Sunday, October 29, 2017 30th Sunday in Ordinary Time 1st Reading: Exodus 22:20-26 2nd Reading: 1st Thessalonians 1:5c-10 Gospel: Matthew 22:34-40
When the Pharisees heard how Jesus had silenced the Sadducees, they came together. One of them, a teacher of the Law, tried to test him with this question, “Teacher, which is the most important commandment in the Law?”
Jesus answered, “You shall love the Lord, your God, with all your heart, with all your soul and with all your mind. This is the first and the most important of the commandments. But after this there is another one very similar to it: You shall love your neighbor as yourself. The whole Law and the Prophets are founded on these two commandments.”
D@iGITAL-EXPERIENCE
(Daily Gospel in the
Assimilated Life
Experience)
Jesus described love of neighbor as one “very similar” to love of God. Qualifying the word “similar” with “very” still leaves unsettled the exact level of correspondence between love of God and love of neighbor. Is it 90% similar? Why didn’t he simply say both are the same?
Equating love of neighbor with love of God may not be proper. Experience tells us that not all who love the neighbors love God. Likewise, not all those who love God love the neighbor. We should just stick to the words “very similar”.
When one is very similar to another, that similarity imposes upon the minds of observers the presence of that other. Love of neighbor should be “very similar” to love of God because we are supposed to love others in a manner very similar to how we love God. In other words our love towards our neighbors should approximate our level of love towards God. Thus, whoever experiences our love should also feel the love of God. Jesus was more explicit when he said that whatever we do to the least of our brothers we do unto him.
Is it possible for human beings like us to honor this similarity? By our gifts of will and intellect yes we can. Intelligence enables us to stop looking for reasons to love others because we already understand that the only reason to do so is the fact that it is how God wants himself loved. By our will power we can swim against the tide of human weakness and love others the way God wants us to love them.

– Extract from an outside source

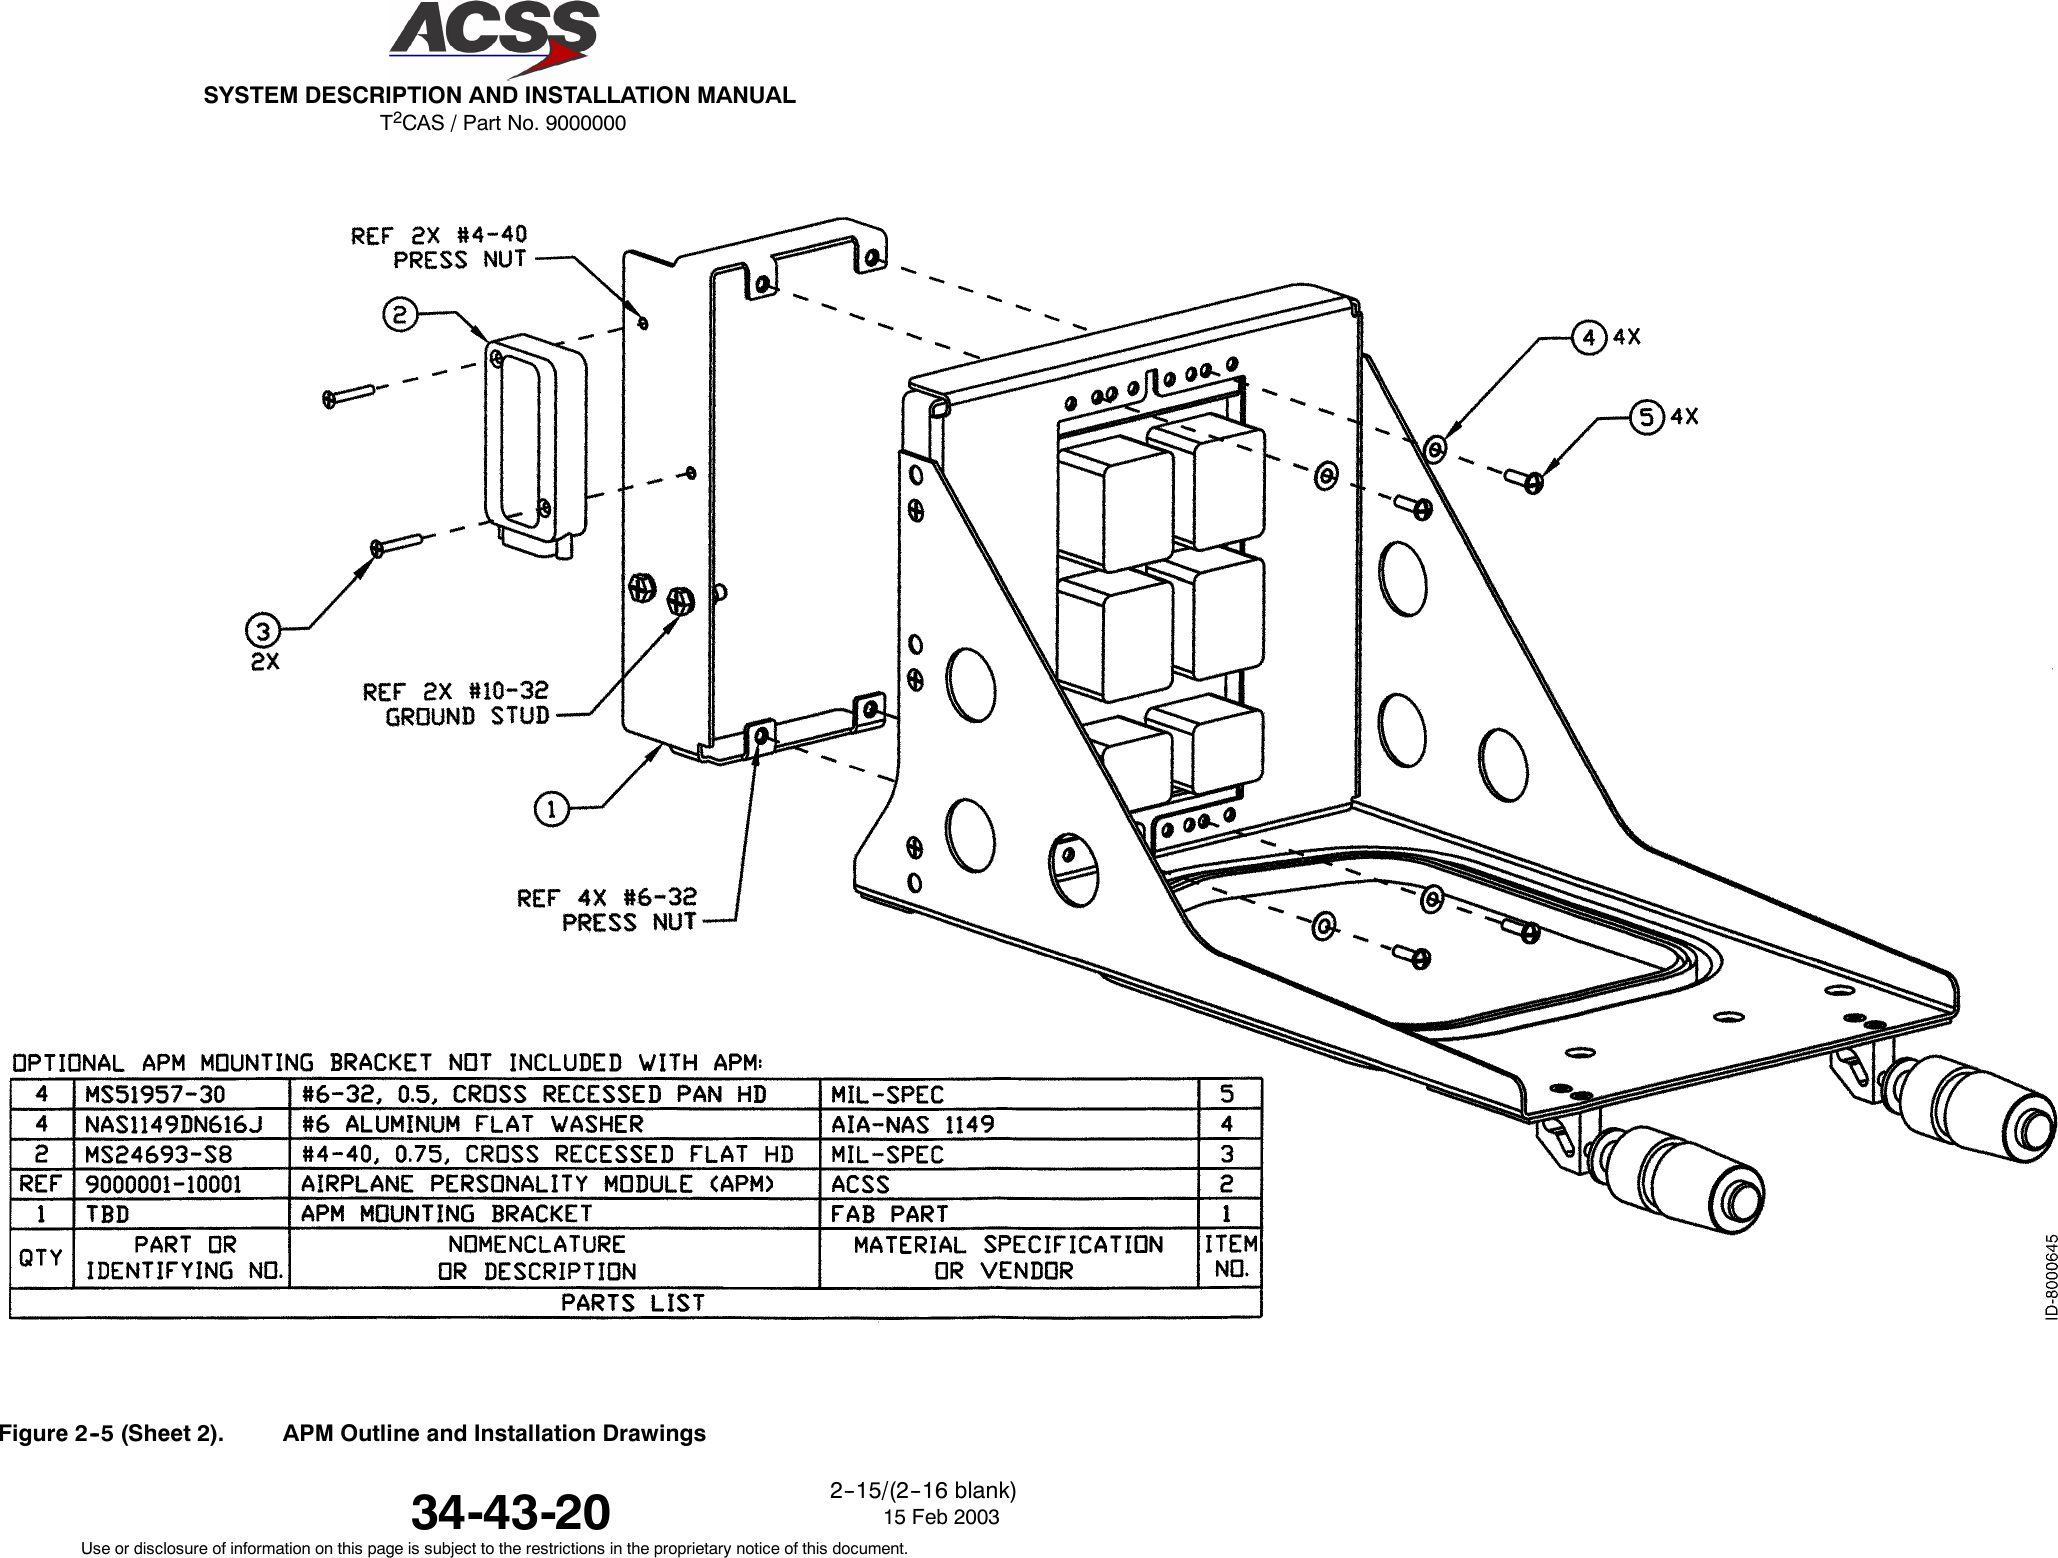 T2CAS / Part No. 9000000SYSTEM DESCRIPTION AND INSTALLATION MANUAL34-43-20 15 Feb 2003Use or disclosure of information on this page is subject to the restrictions in the proprietary notice of this document.2--15/(2--16 blank)Figure 2--5 (Sheet 2). APM Outline and Installation Drawings

Ascetics of the past built their spirituality upon this principle of swimming against the tide. Their slogan is “agere contra!” By saying no even to things that are not sinful in themselves they built their will power. In effect they became strong enough to say no to greater temptations. By building up our will power and by the grace which God so willingly bestows upon those who ask we can make our love of neighbor very similar to our love for God. –(Atty.) Rev. Fr. Dan Domingo P. delos Angeles, Jr., DM.